**DATASET ENTRIES:**

· · ·

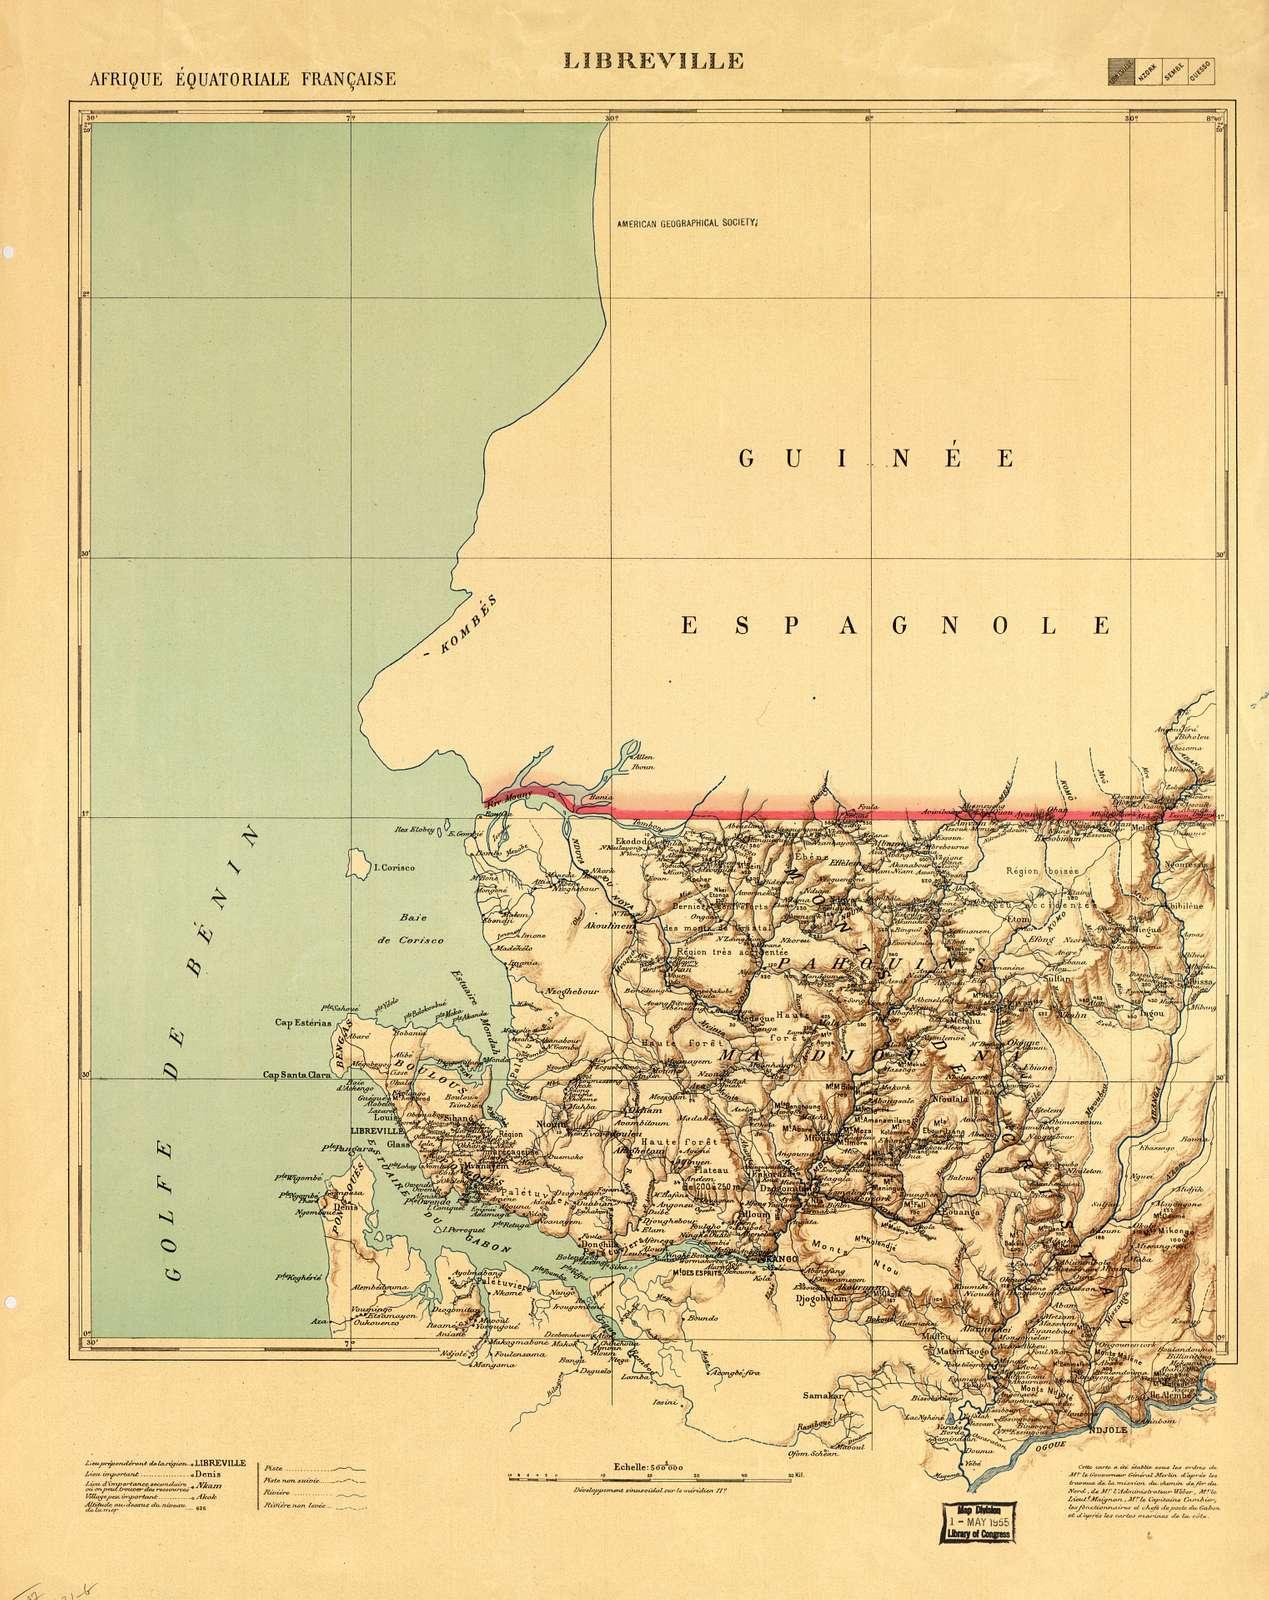 Afrique équatoriale française.
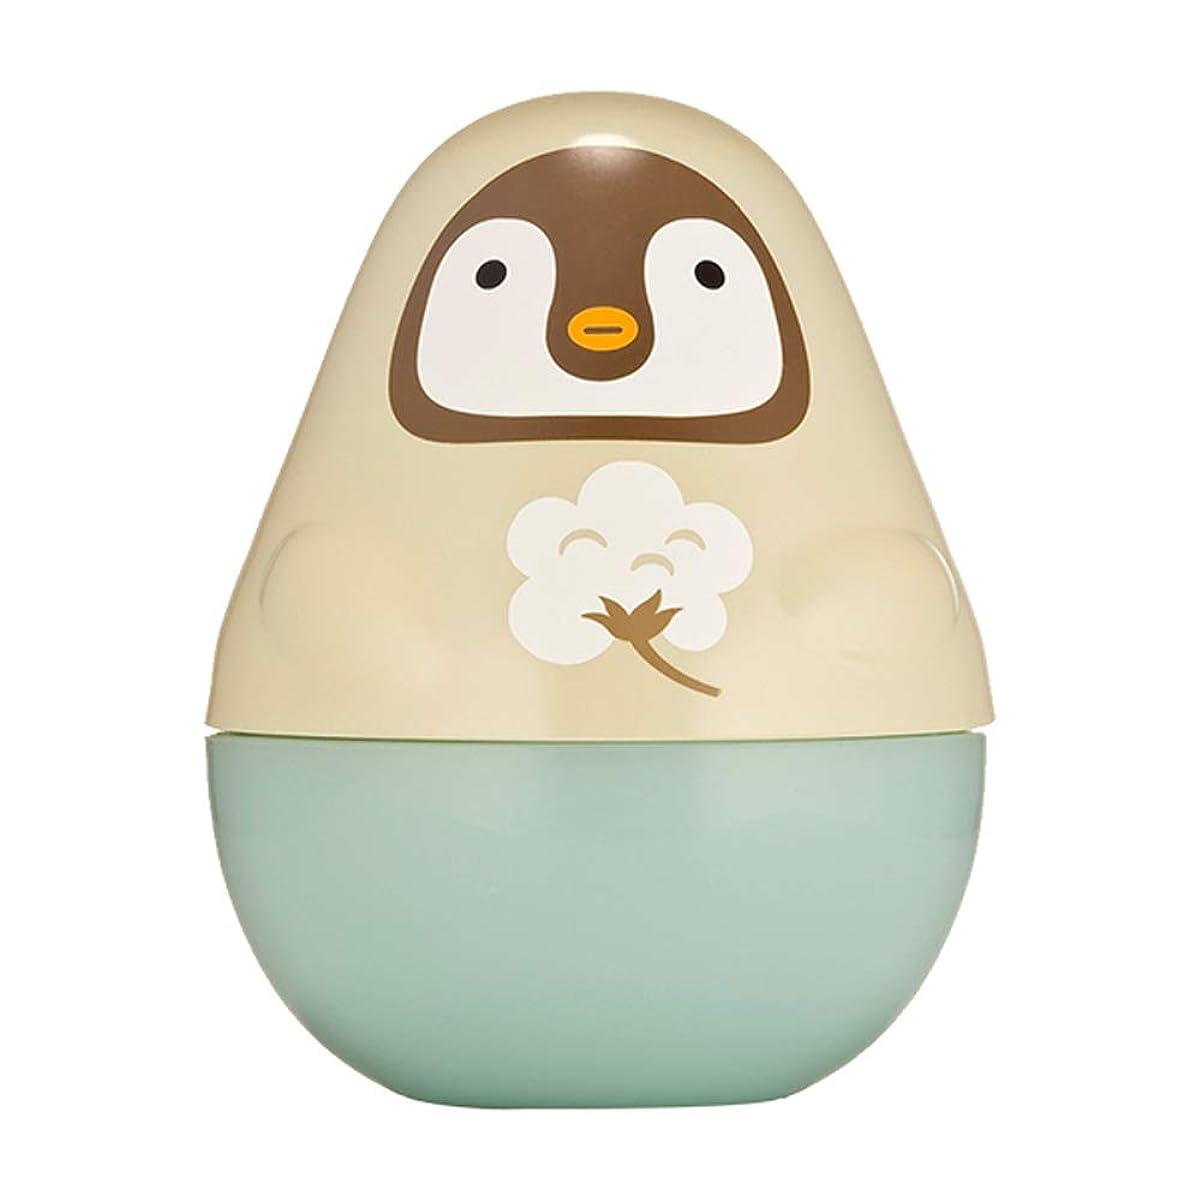 ボウリングマカダムどう?エチュードハウス(ETUDE HOUSE) ミッシングユー ハンドクリーム ペンギン(ベビーパウダーの香り)
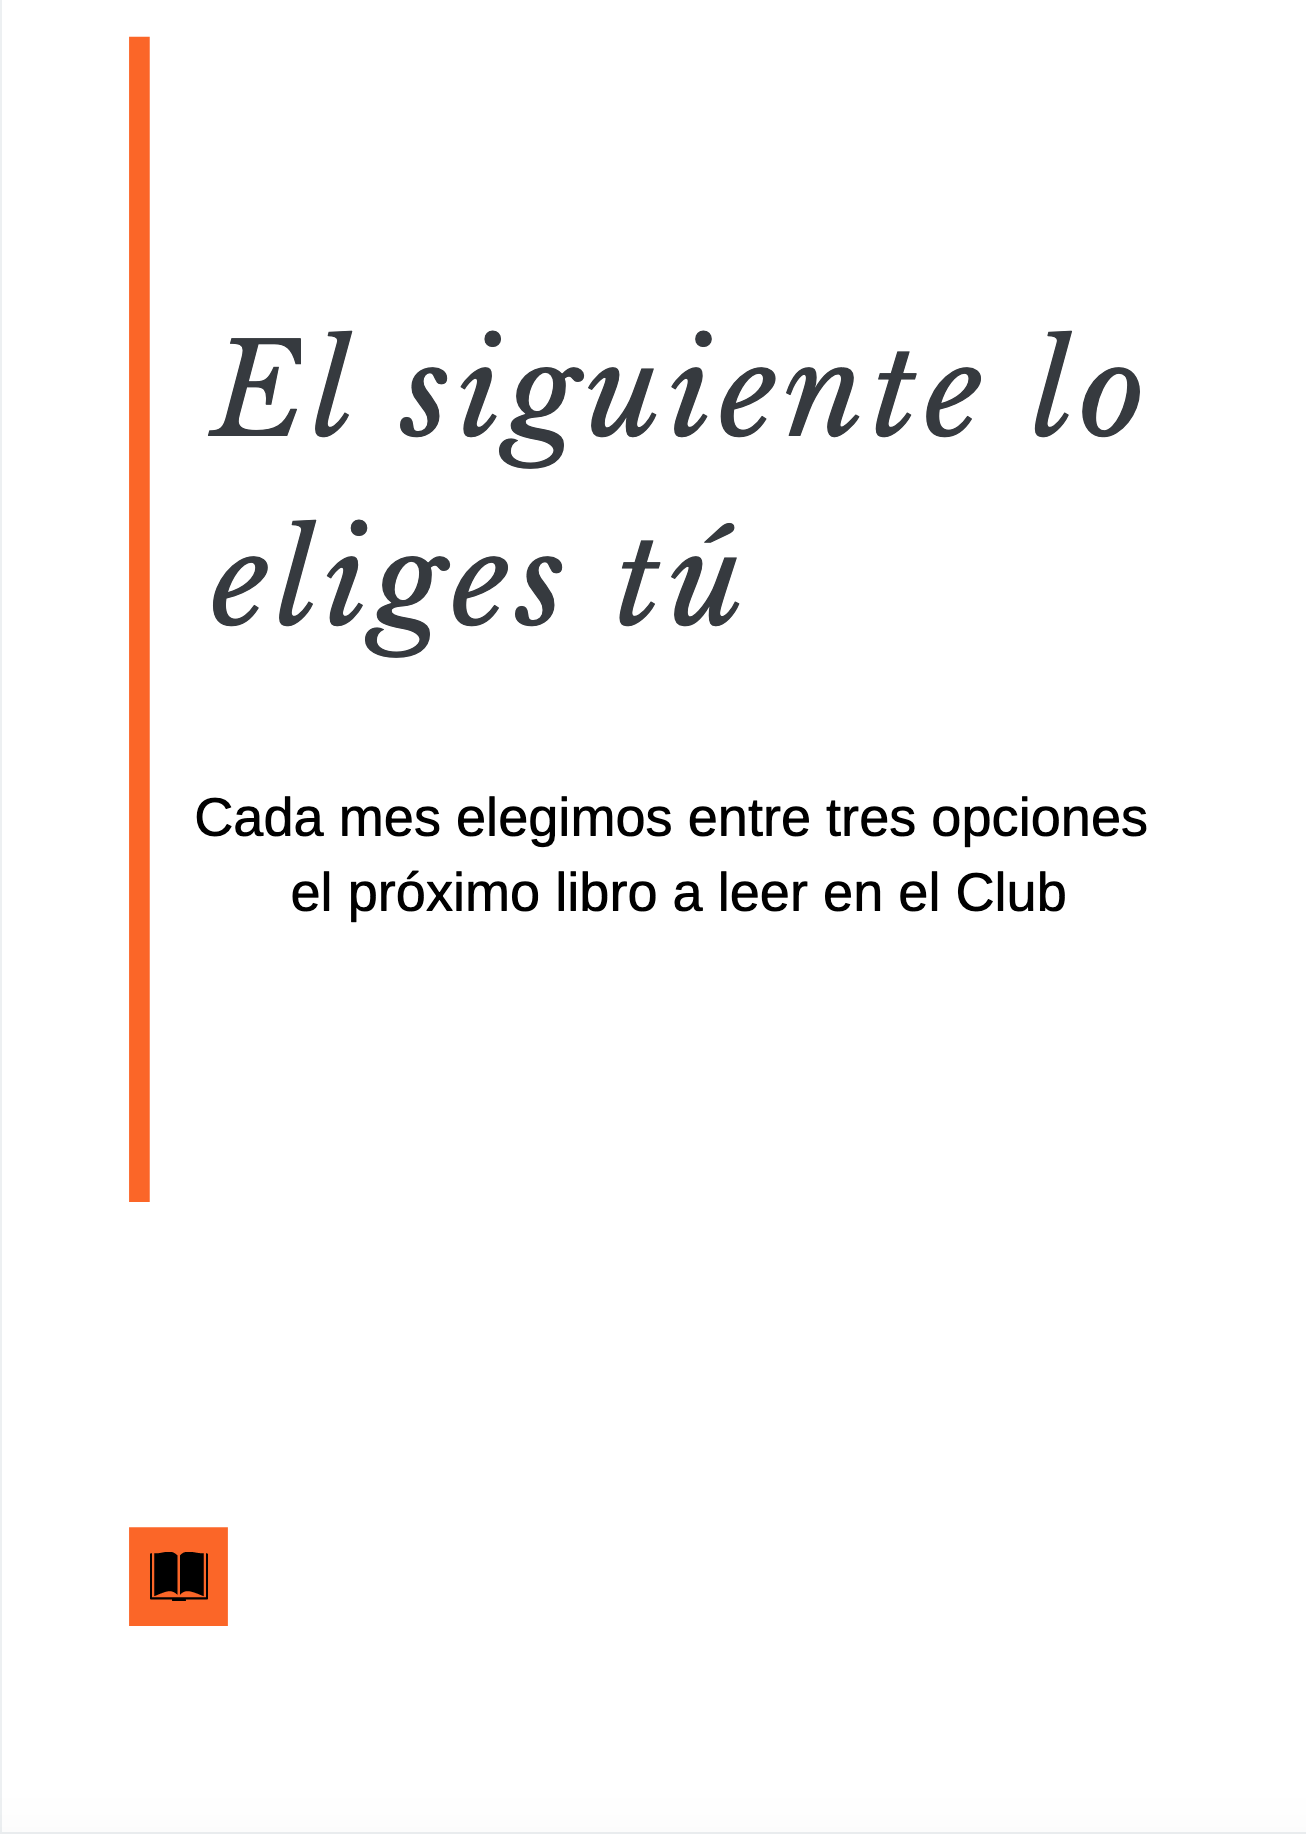 Club de lectura para inconformistas
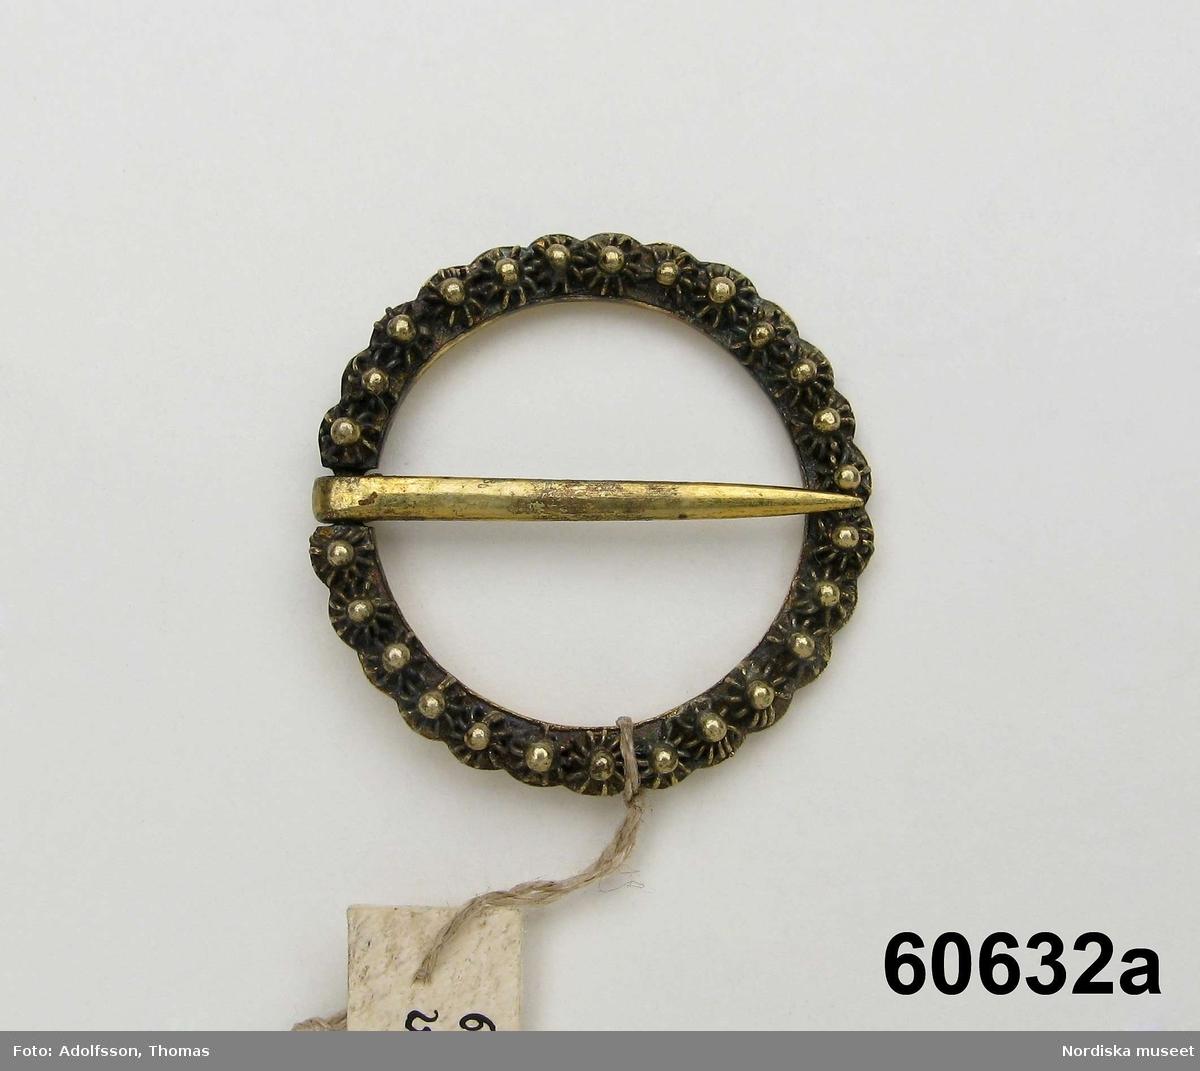 a-b. 2 söljor a. Ringformig, förgyld, stämpeln otydlig. b. Ringformad enkel odekorerad sölja med nål. diam: 22 mm. Stämplar: PIL ,K, årsbokstav saknas.  Berit Eldvik juni 2006
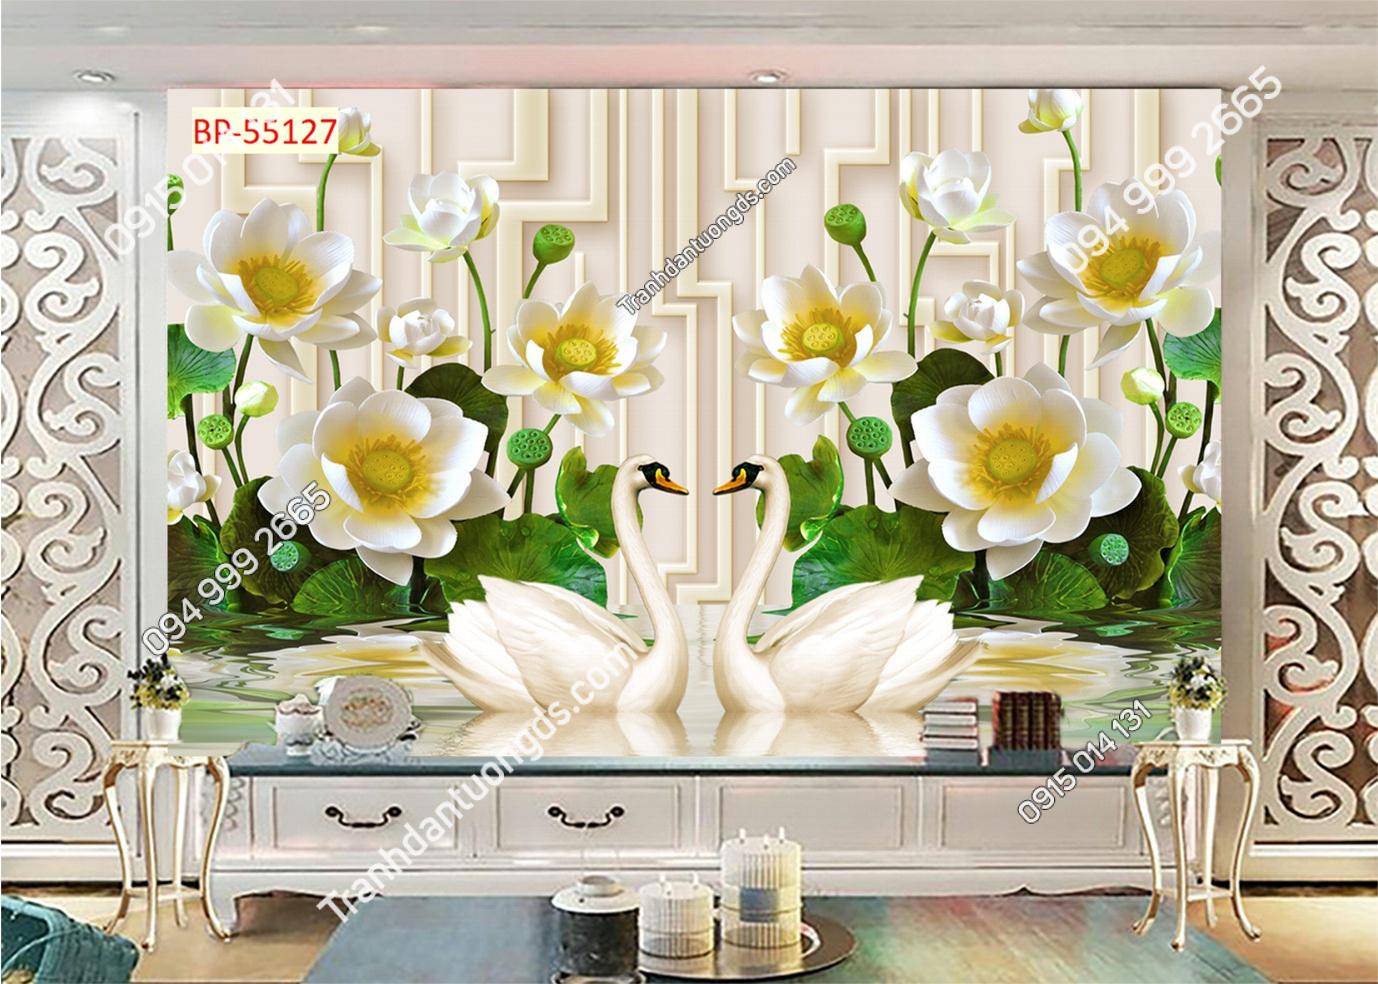 Tranh dán tường hoa sen trắng nhụy vàng 55127

· · ·

**REQUIRED ACTION:** Go through the listing above and retype each line exactly, apart from the pictures.

**SOLUTION TO THIS PROBLEM:**
 Afrique équatoriale française.
 ボウリングマカダムどう?エチュードハウス(ETUDE HOUSE) ミッシングユー ハンドクリーム ペンギン(ベビーパウダーの香り)
 Club de lectura para inconformistas
 a-b. 2 söljor a. Ringformig, förgyld, stämpeln otydlig. b. Ringformad enkel odekorerad sölja med nål. diam: 22 mm. Stämplar: PIL ,K, årsbokstav saknas.  Berit Eldvik juni 2006
 Tranh dán tường hoa sen trắng nhụy vàng 55127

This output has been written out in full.